HOW MUSCLES RE-SYNTHESISE ATP
The ATP concentration in muscle cells isn’t very high – only 6mM.
The maximum rate of ATP consumption is 2mM/s (when cross bridges and SR Ca pump are working
at maximal rate).
Therefore, if not replenished, all ATP would be consumed in 3s (and the muscle would go into rigor) –
need ATP for cross-bridges to detach, and if they don’t detach muscles will rip themselves apart.
This does not happen because there are various sources of ATP –
Phosphocreatine rephosphorylates ADP. Each produces an ATP.

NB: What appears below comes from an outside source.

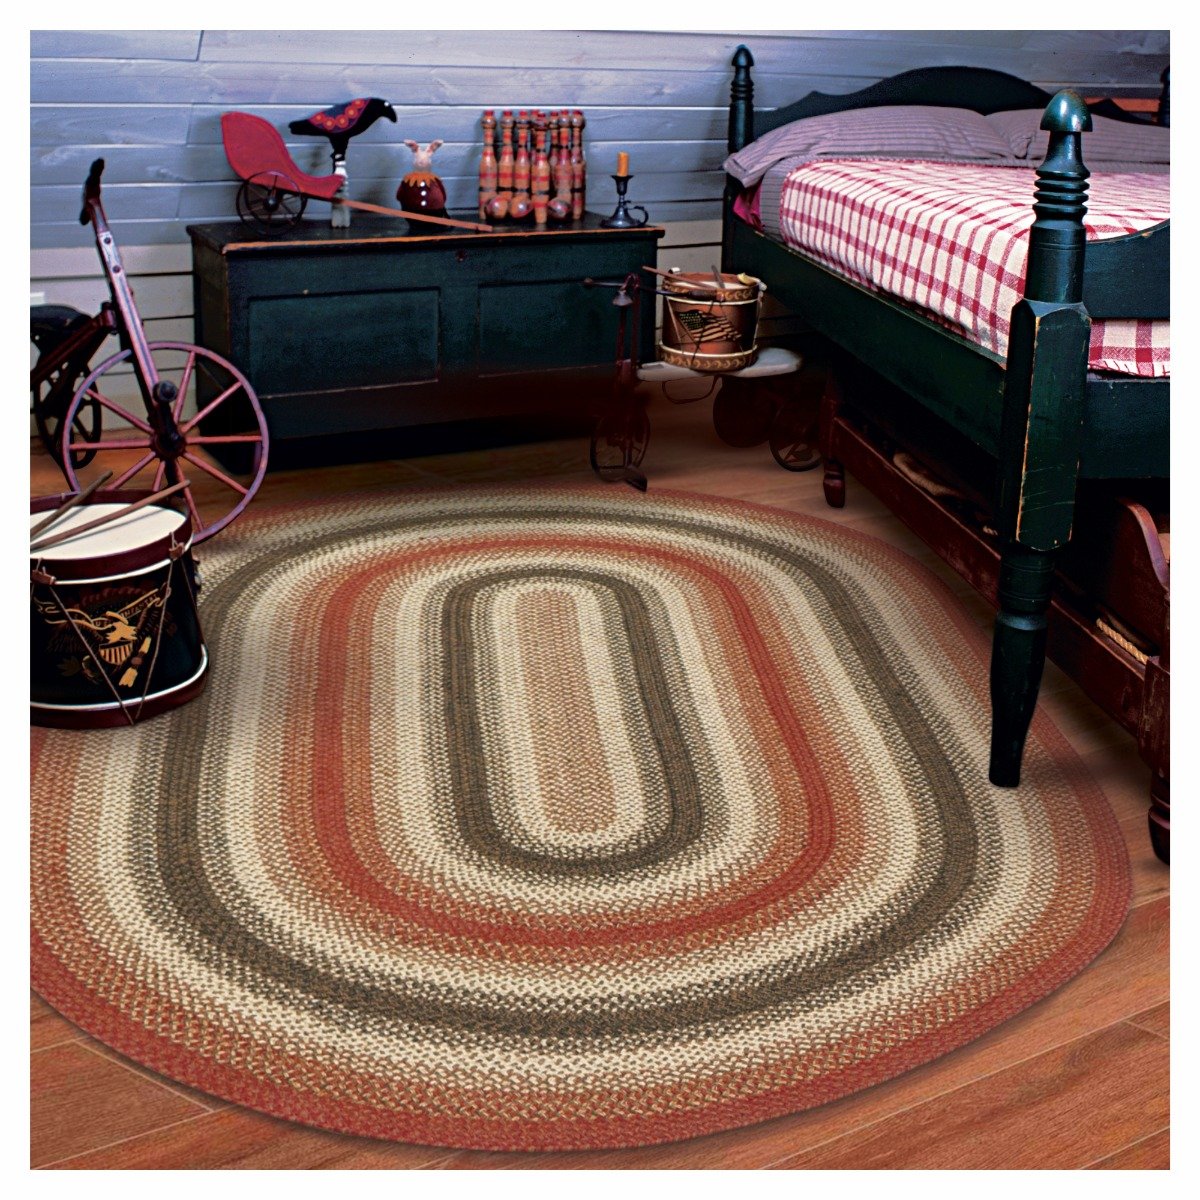 Chester Red-Cream-Brown Oval Jute Braided Rugs Reversible

* Raises the activity time to 18 seconds
Glycogen is a store of carbohydrates inside muscles. The very important thing is that it can broken
down in two quite different ways.
When muscles contract maximally, they get very hard, and so stiff they stop blood supply – at the very
moment when it needs the most, it can get no blood or oxygen supply. Muscles have been designed
with pathways for energy that don’t require oxygen.
Glycogen can be broken down without oxygen, producing lactic acid, and 3 ATP. There is enough
glycogen in a typical muscle to last 2 -3 minutes – total of 2.18 to 3.18 without oxygen (all the
anaerobic pathways).
If you put a cuff on your arm so there is no blood supply, your arm will last a few minutes before it
runs out of all energy, and it will get very sore, and you will stop the experiment long before rigor
happens.
This is the most important.
Glycogen can be broken down WITH oxygen present (like with running – muscles contract, no blood
supply; relax – big rush of blood supply; get oxygen when muscles relax).
It is much, much more efficient to use glycogen aerobically (39ATP instead of 3). This produces
enough energy even when the muscles are working maximally for a couple of hours.
Understanding fuel usage is central to understanding why muscles fatigue, and particularly why
muscles get weaker when you use them intensively.